# Thread: Eigenvalues of Linear operator

1. ## Eigenvalues of Linear operator

Hello,
Find all the eigenvalues and determine with a reason whether L is self-adjoint.
$\displaystyle d/dt$---------->$\displaystyle L_2[0,1]$ where the domain D is given by D{f belongs to $\displaystyle L_2[0,1]$: f is continuously differentiable and f(0)=0)}
I get $\displaystyle f(x)=e^{\lambda x}$ after solving first order linear differential equation. How do i find $\displaystyle \lambda$?
thanks

2. Originally Posted by charikaar
Hello,
Find all the eigenvalues and determine with a reason whether L is self-adjoint.
$\displaystyle d/dt$---------->$\displaystyle L_2[0,1]$ where the domain D is given by D{f belongs to $\displaystyle L_2[0,1]$: f is continuously differentiable and f(0)=0)}
I get $\displaystyle f(x)=e^{\lambda x}$ after solving first order linear differential equation. How do i find $\displaystyle \lambda$?
thanks
our operator is just differentiation so, yes, $\displaystyle \frac{d e^{\lambda x}}{dx}= \lambda e^{\lambda x}$. More generally, if $\displaystyle \frac{dy}{dx}= \lambda y$, then $\displaystyle y= Ce^{\lambda 0}$$\displaystyle e^{\lambda x}$ is an "eigenvector" and $\displaystyle \lambda$ is an eigenvalue. As for finding $\displaystyle \lambda$, you don't! That equation is true for all $\displaystyle \lambda$- any real number is an eigenvalue.

As for whether or not it is "self adjoint", the definition of self-adjoint is that <Af, g>= <f, Ag> for any vectors f, g. Here, I presume you are using the "standard" inner product, $\displaystyle <f, g>= \int_0^1 f(x)g(x)dx$ so that we want $\displaystyle \int_0^x \frac{df}{dx} g dt$. Use "integration by parts" with u= g and dv= (df/dx)dx. Then du= (dg/dx)dx and v= f.

$\displaystyle \int u dv= uv- \int vdu= f(x)g(x)- \int f (dg/dx) dx= <f, dg/dx>$ provided f(1)g(1)- f(0)g(0)= 0.

3. I'm curious on one thing. Don't we require that $\displaystyle f(0) = 0$?
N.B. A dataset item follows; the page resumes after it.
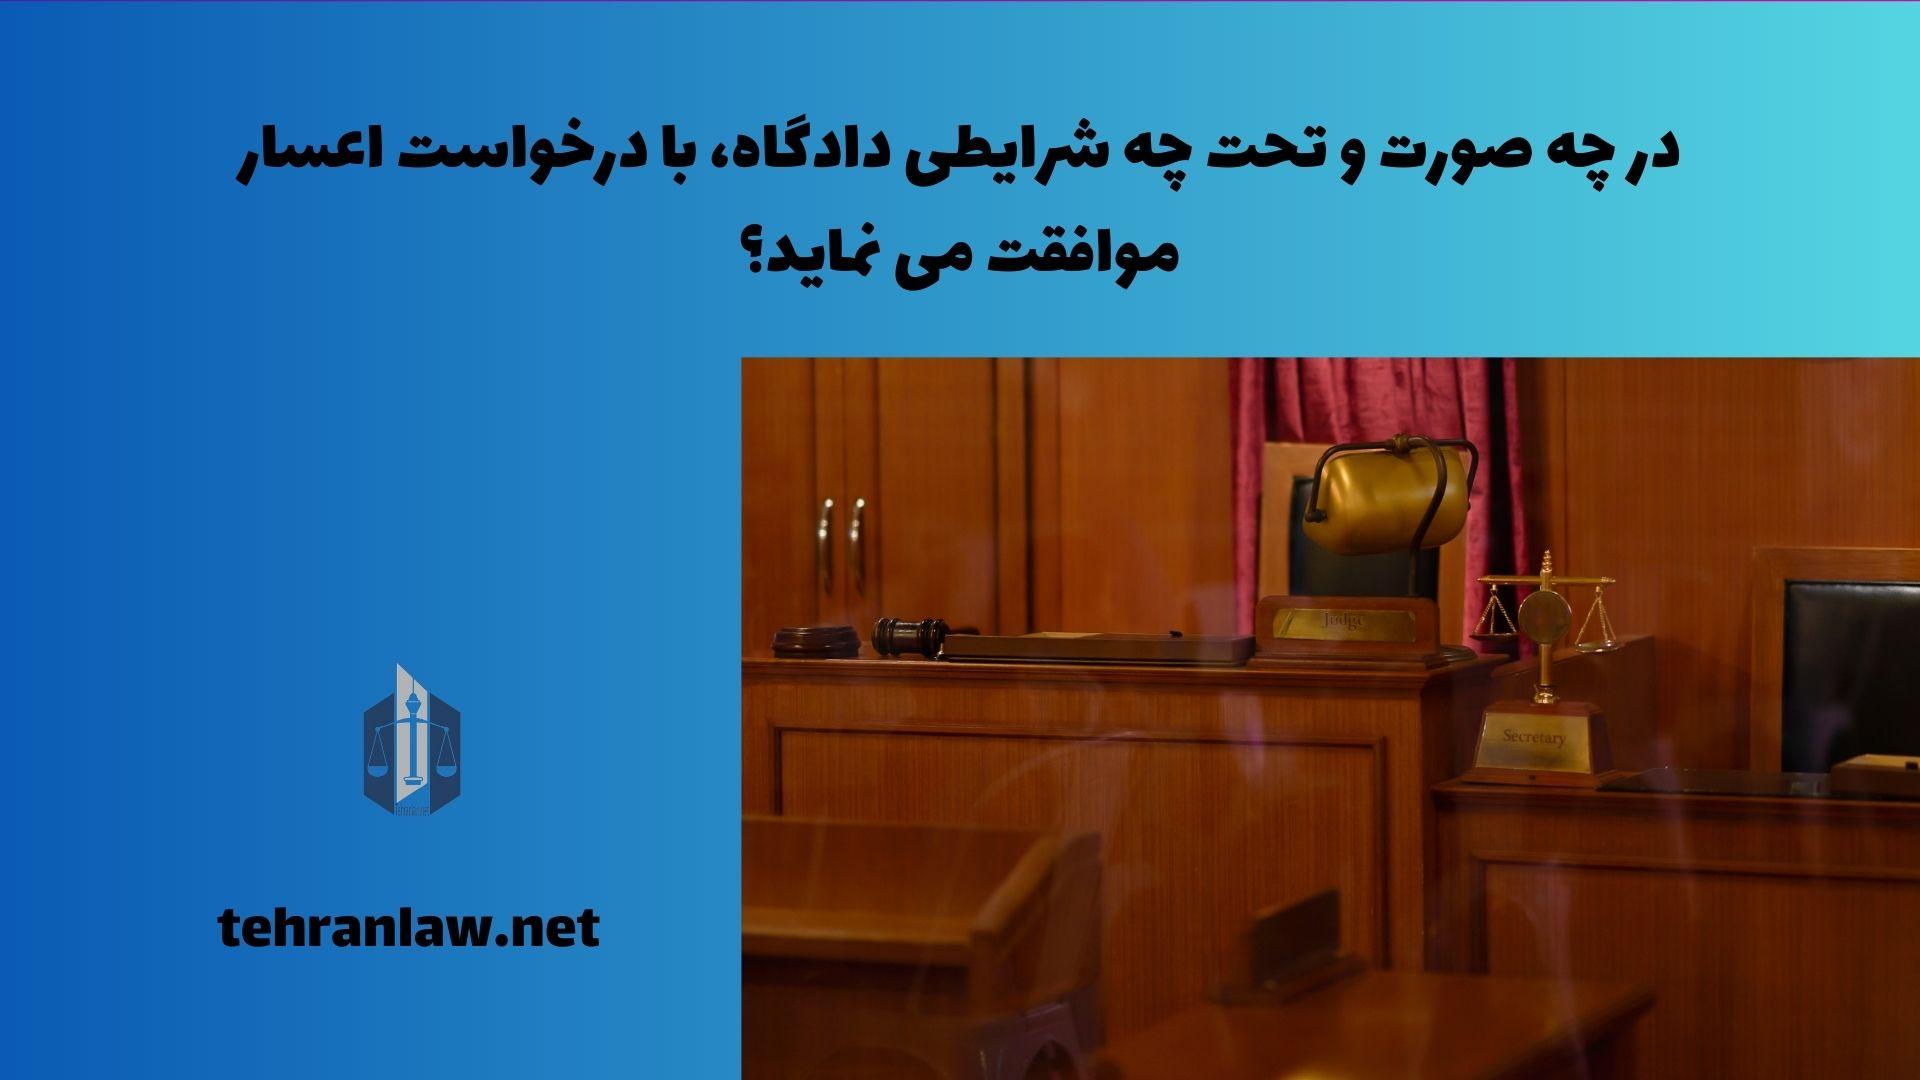 در چه صورت و تحت چه شرایطی دادگاه، با درخواست اعسار موافقت می نماید؟

$\displaystyle L_2[0,1]$ is the Hilbert space of complex square integrable functions on [0,1] and D={f belongs to $\displaystyle L_{2}[0,1]$ : f is continuously differentiable and f(0)=1)}. so $\displaystyle \lambda$ includes complex numbers also? L is not self-adjoint because there is minus in front of the integral right?